How to complete this task:
The answer is the data repeated in full, with no pictures included.

Stored data:
===

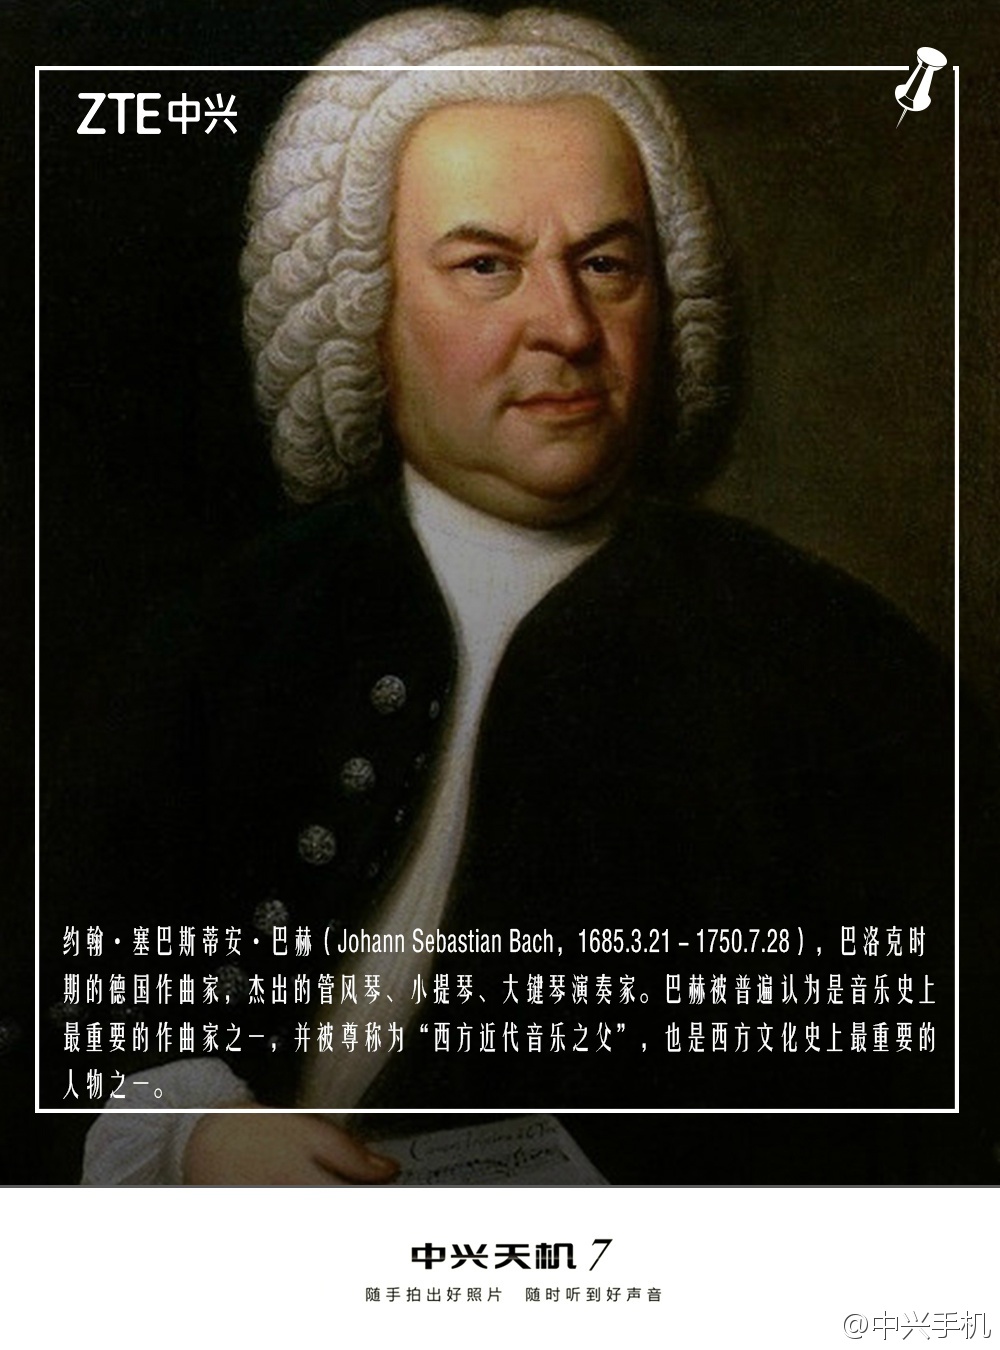 巴赫是德国作曲家,有"西方近代音乐之父"之称
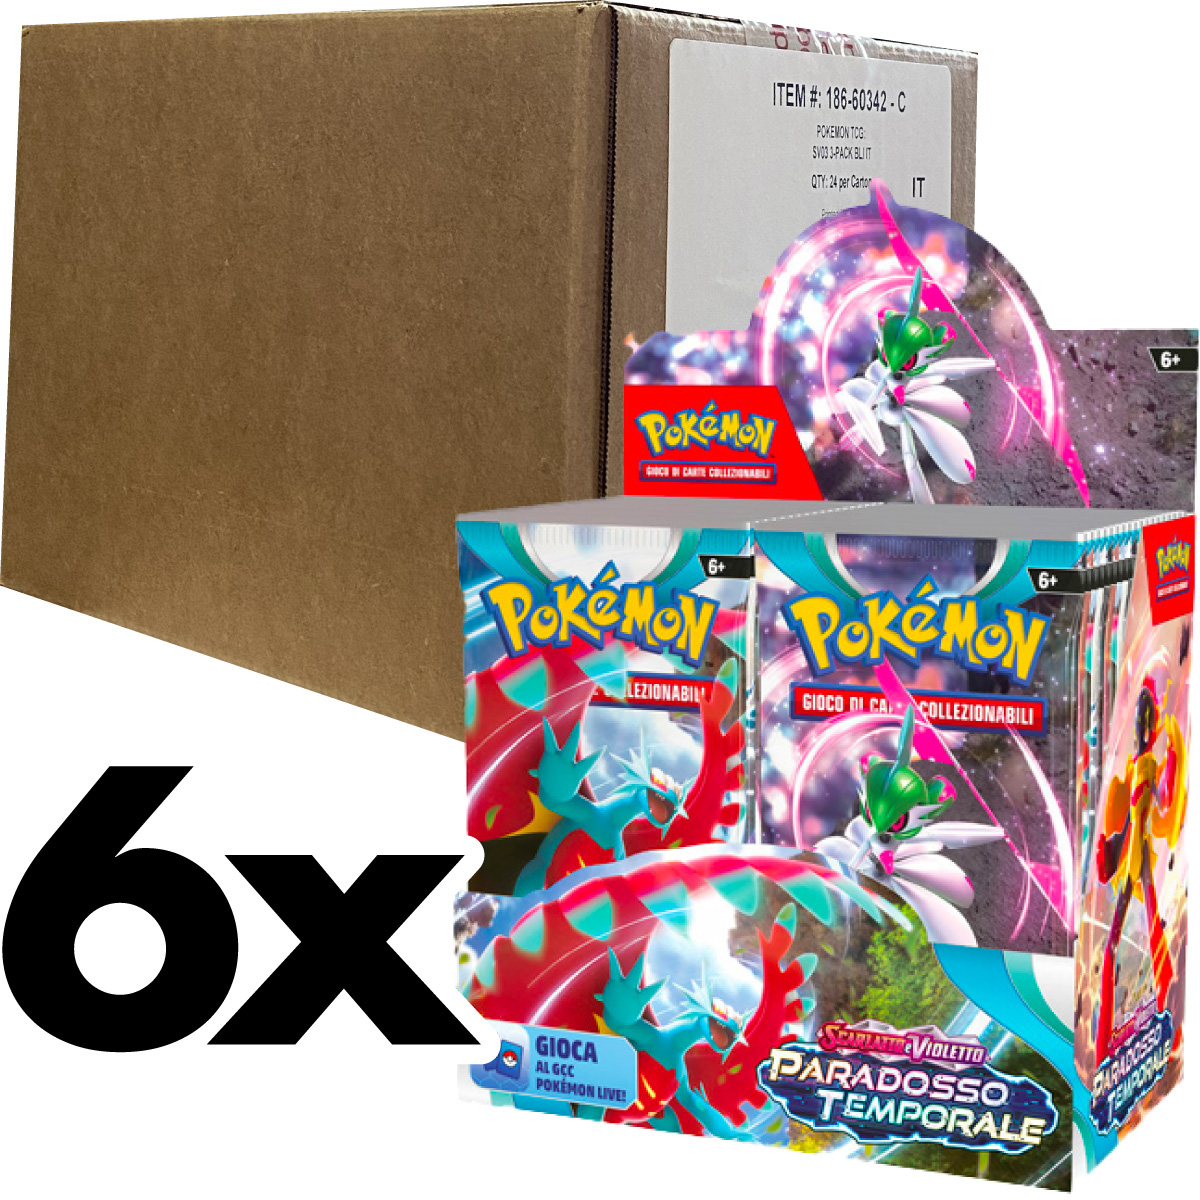 pokemon gcc - pokemon scarlatto e violetto paradosso temporale - case sigillato 6x box da 36 bustine (ita) - pk62349/pk60349
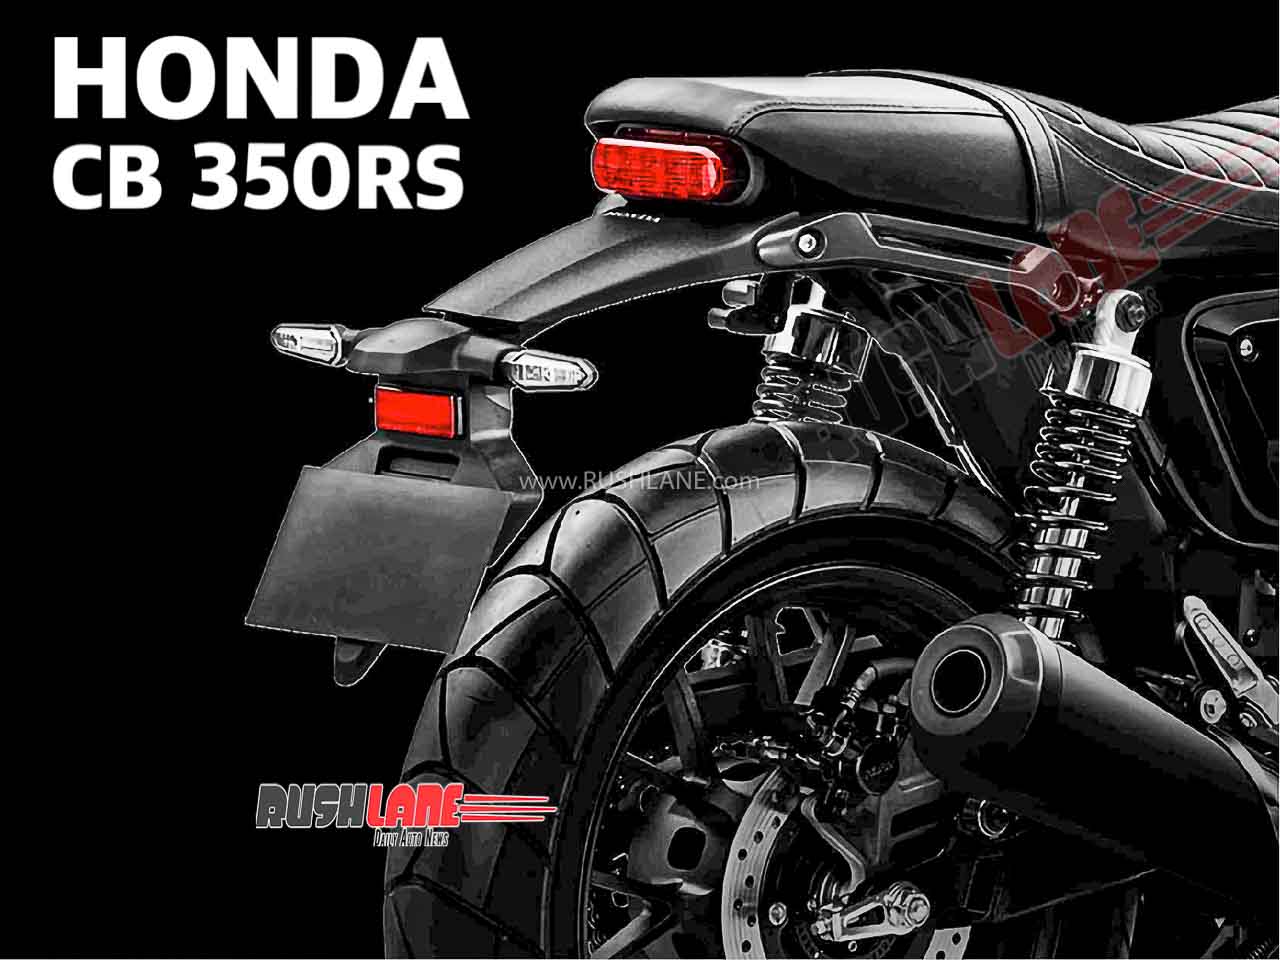 New Honda Cb350 Cafe Racer Name Cb350rs Leaked In New Teaser
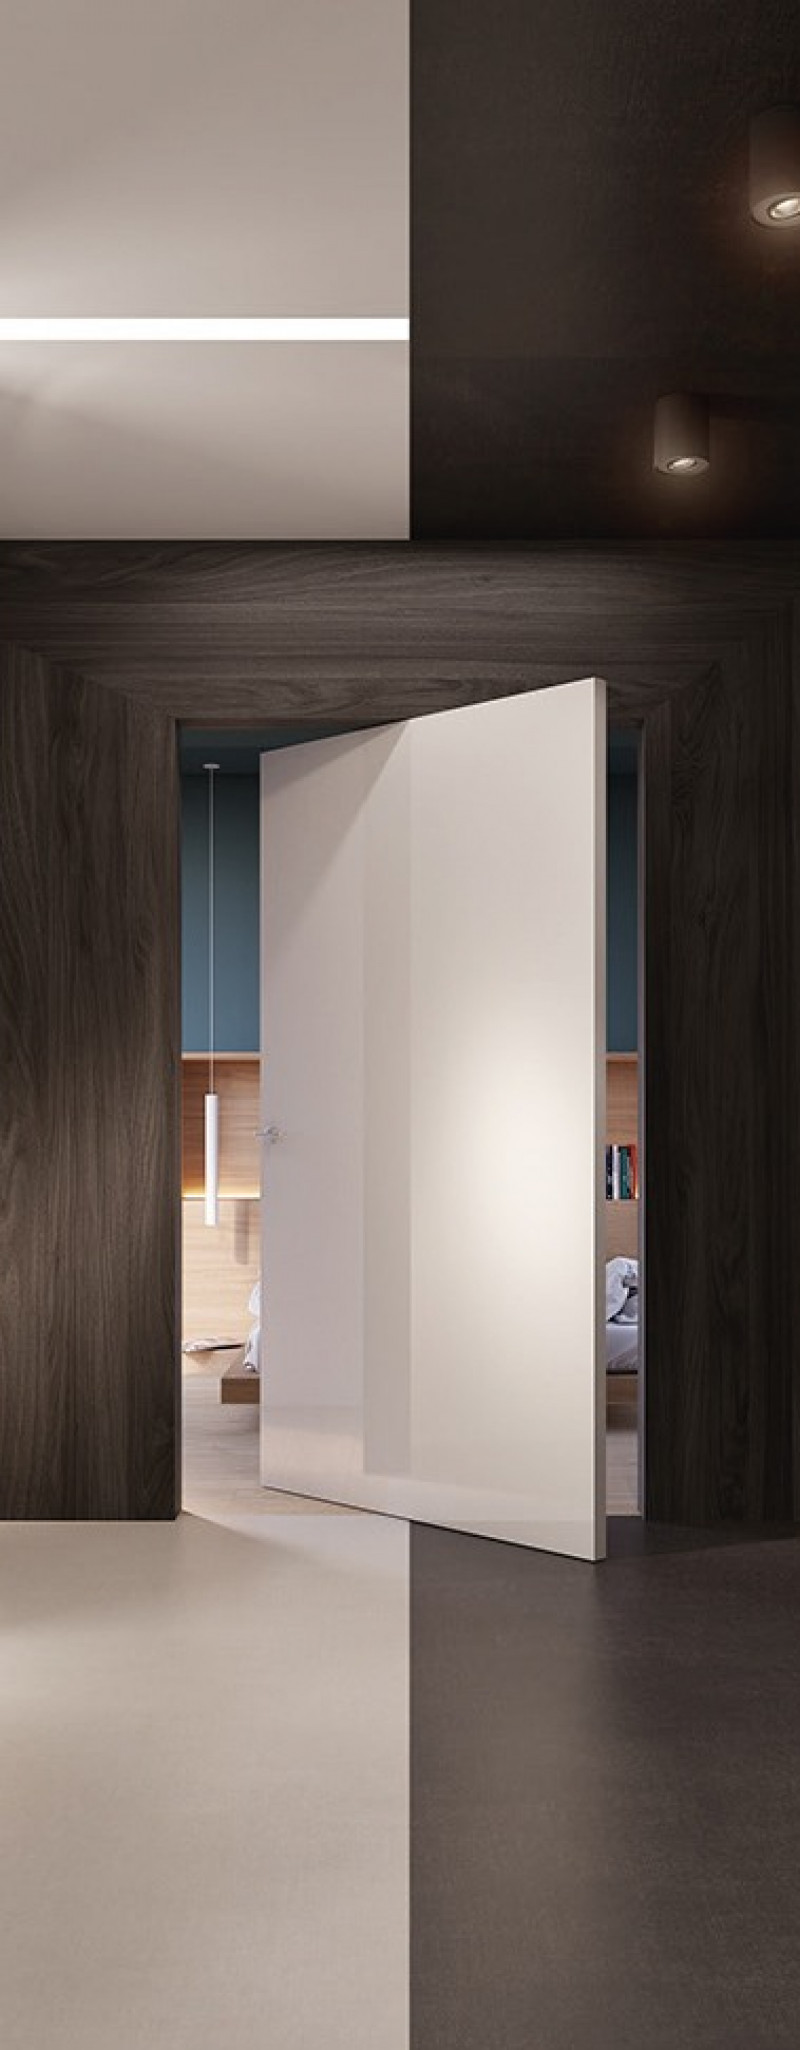 Wooden interior door with hidden aluminum frame

===

Written answer:
 巴赫是德国作曲家,有"西方近代音乐之父"之称
 pokemon gcc - pokemon scarlatto e violetto paradosso temporale - case sigillato 6x box da 36 bustine (ita) - pk62349/pk60349
 New Honda Cb350 Cafe Racer Name Cb350rs Leaked In New Teaser
 Wooden interior door with hidden aluminum frame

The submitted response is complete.